Dataset items
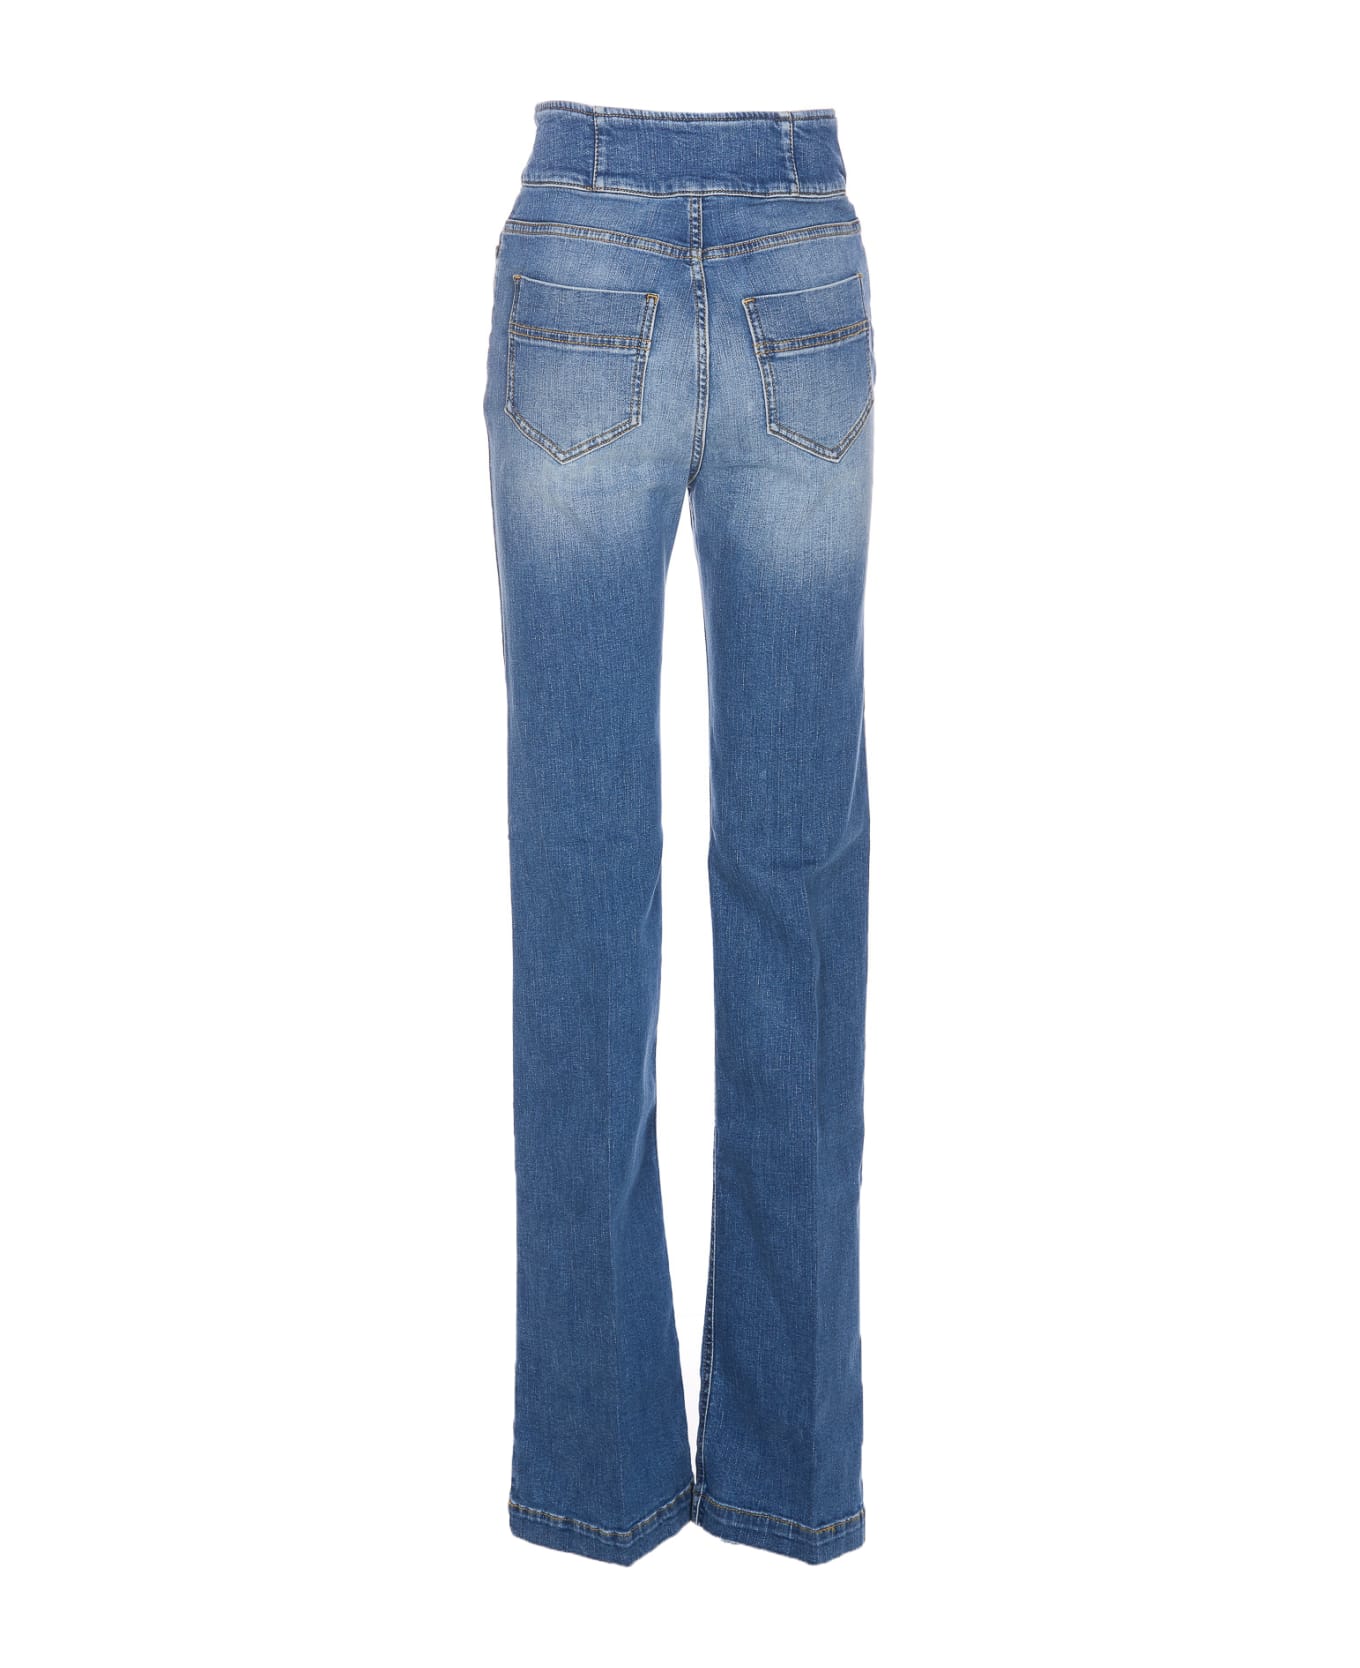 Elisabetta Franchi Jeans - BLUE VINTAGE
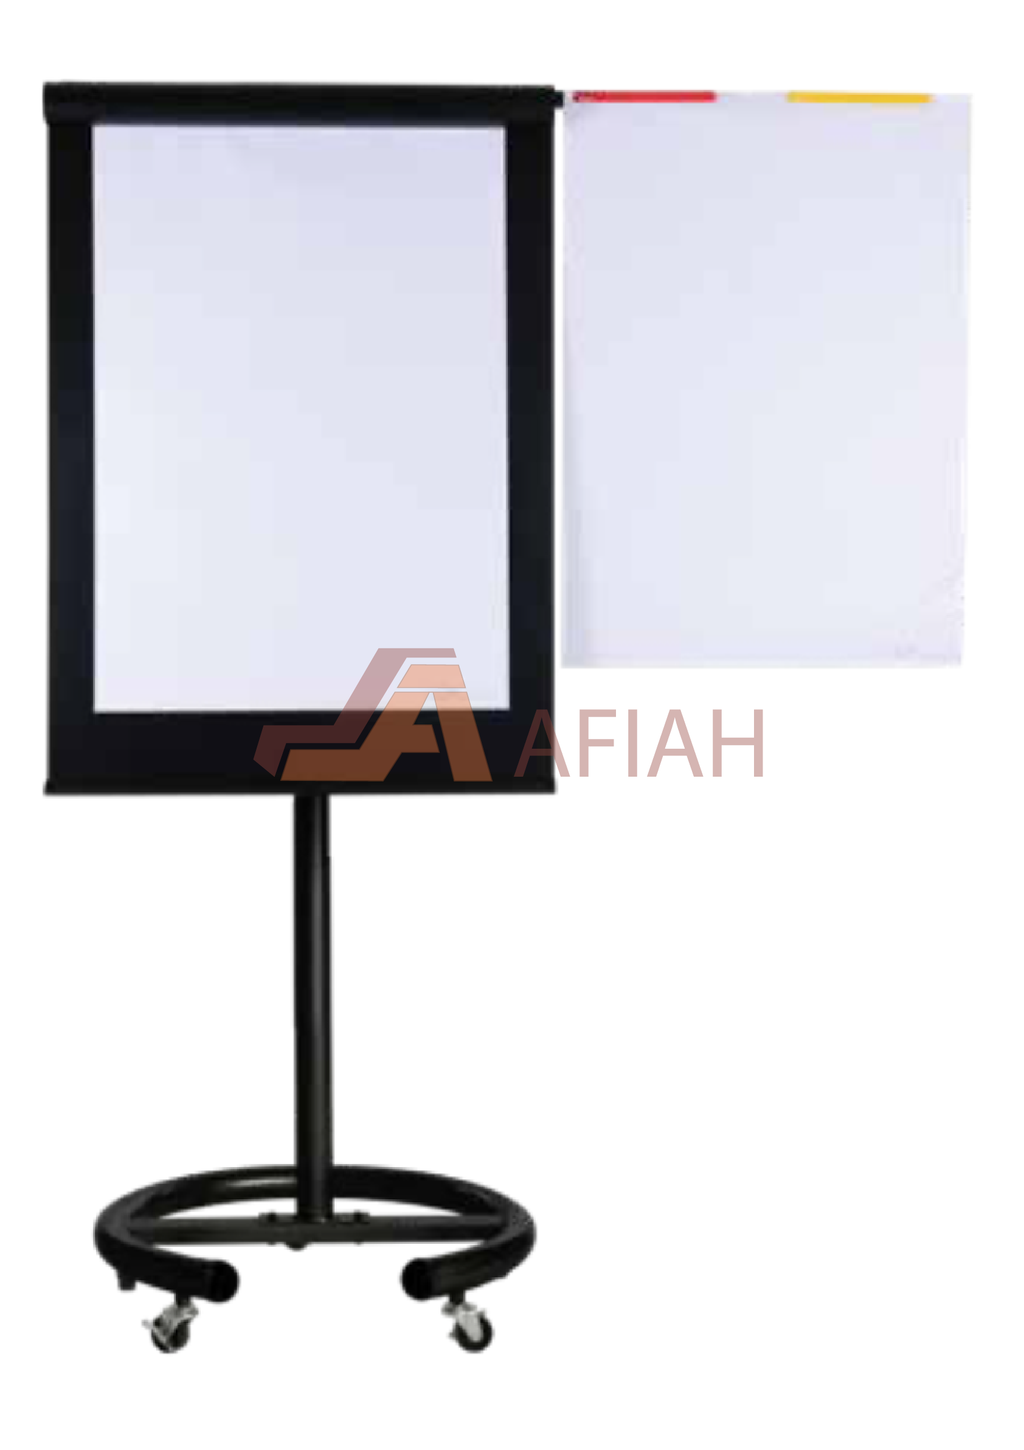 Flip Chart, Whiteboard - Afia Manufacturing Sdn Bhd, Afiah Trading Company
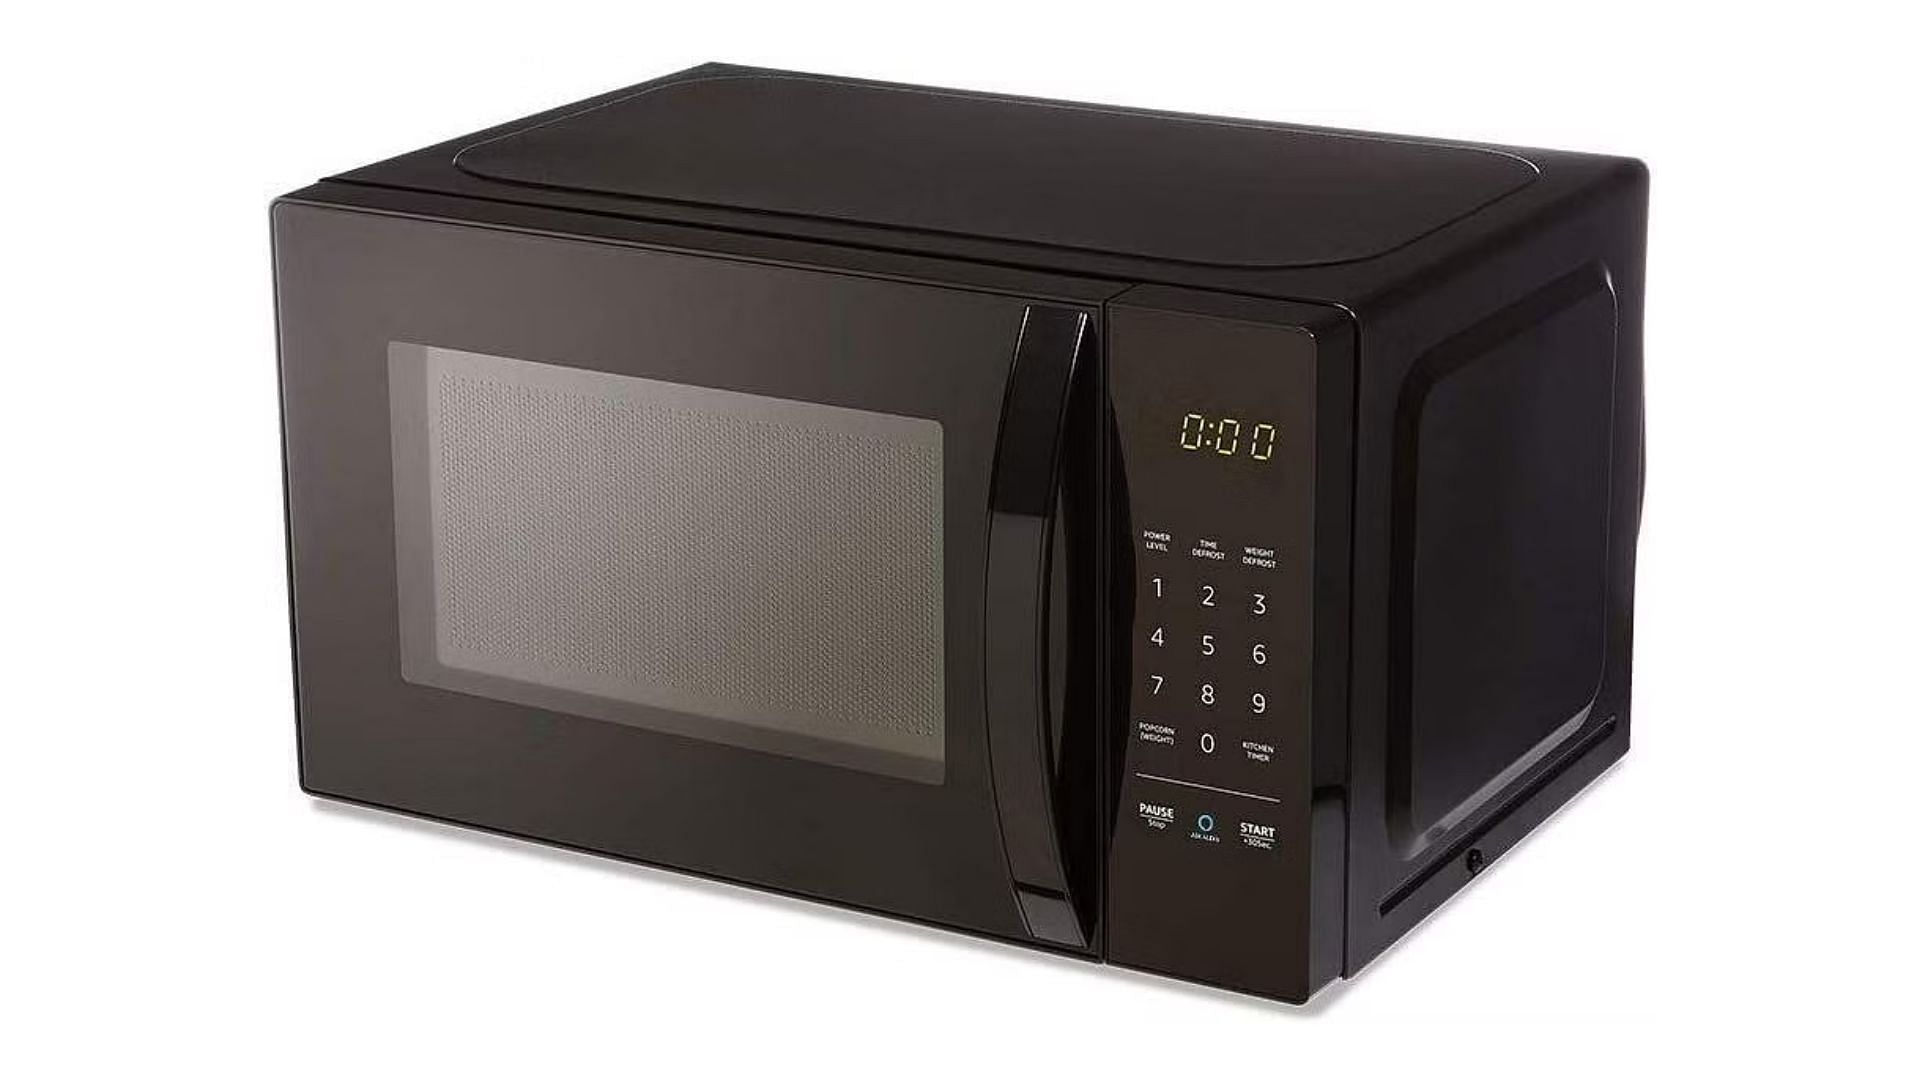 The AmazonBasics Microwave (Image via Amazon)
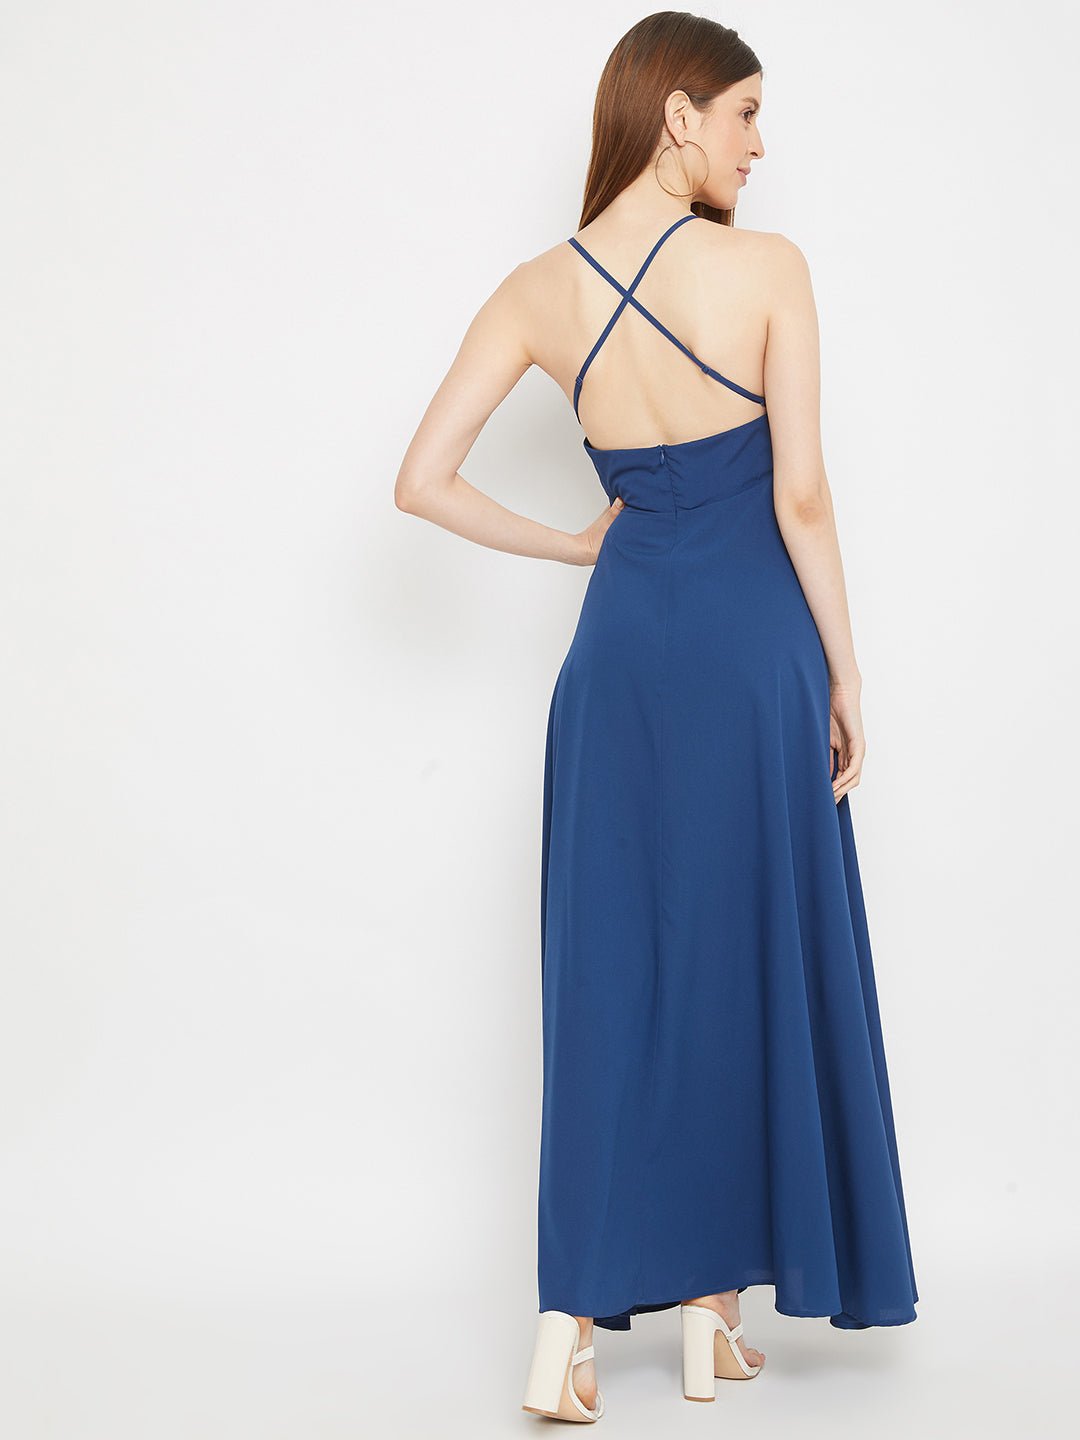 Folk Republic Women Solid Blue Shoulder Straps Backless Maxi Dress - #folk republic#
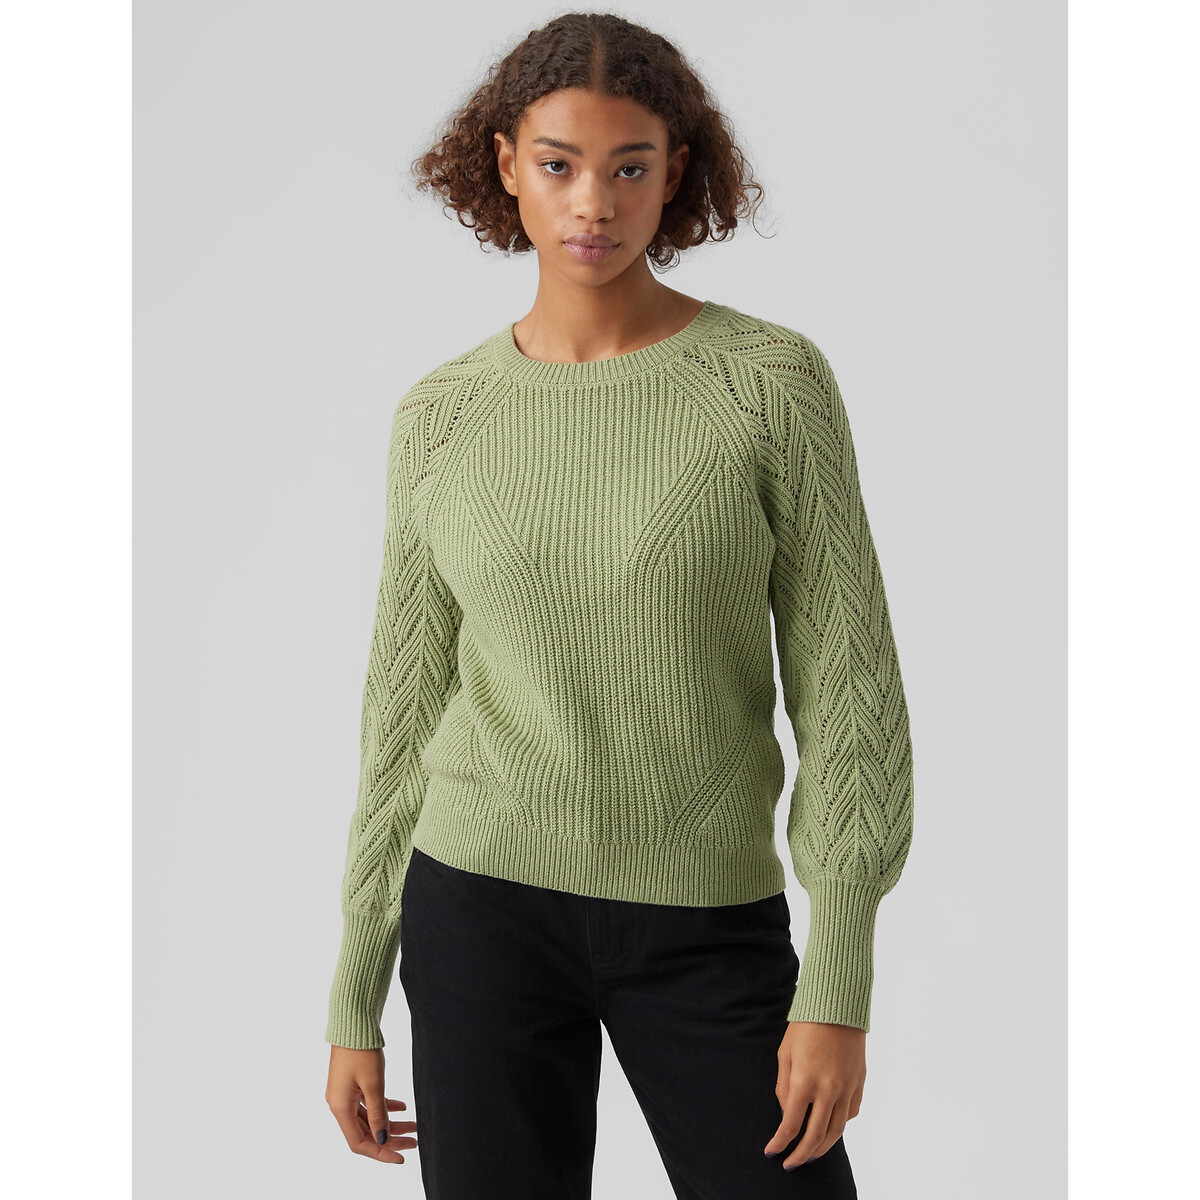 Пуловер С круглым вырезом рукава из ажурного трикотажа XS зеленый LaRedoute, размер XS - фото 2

* Work required *
Repeat the records above word for word, keeping no pictures in the copy.

* Task result *
 Elisabetta Franchi Jeans - BLUE VINTAGE
 Flip Chart, Whiteboard - Afia Manufacturing Sdn Bhd, Afiah Trading Company
 The AmazonBasics Microwave (Image via Amazon)
 Folk Republic Women Solid Blue Shoulder Straps Backless Maxi Dress - #folk republic#
 Пуловер С круглым вырезом рукава из ажурного трикотажа XS зеленый LaRedoute, размер XS - фото 2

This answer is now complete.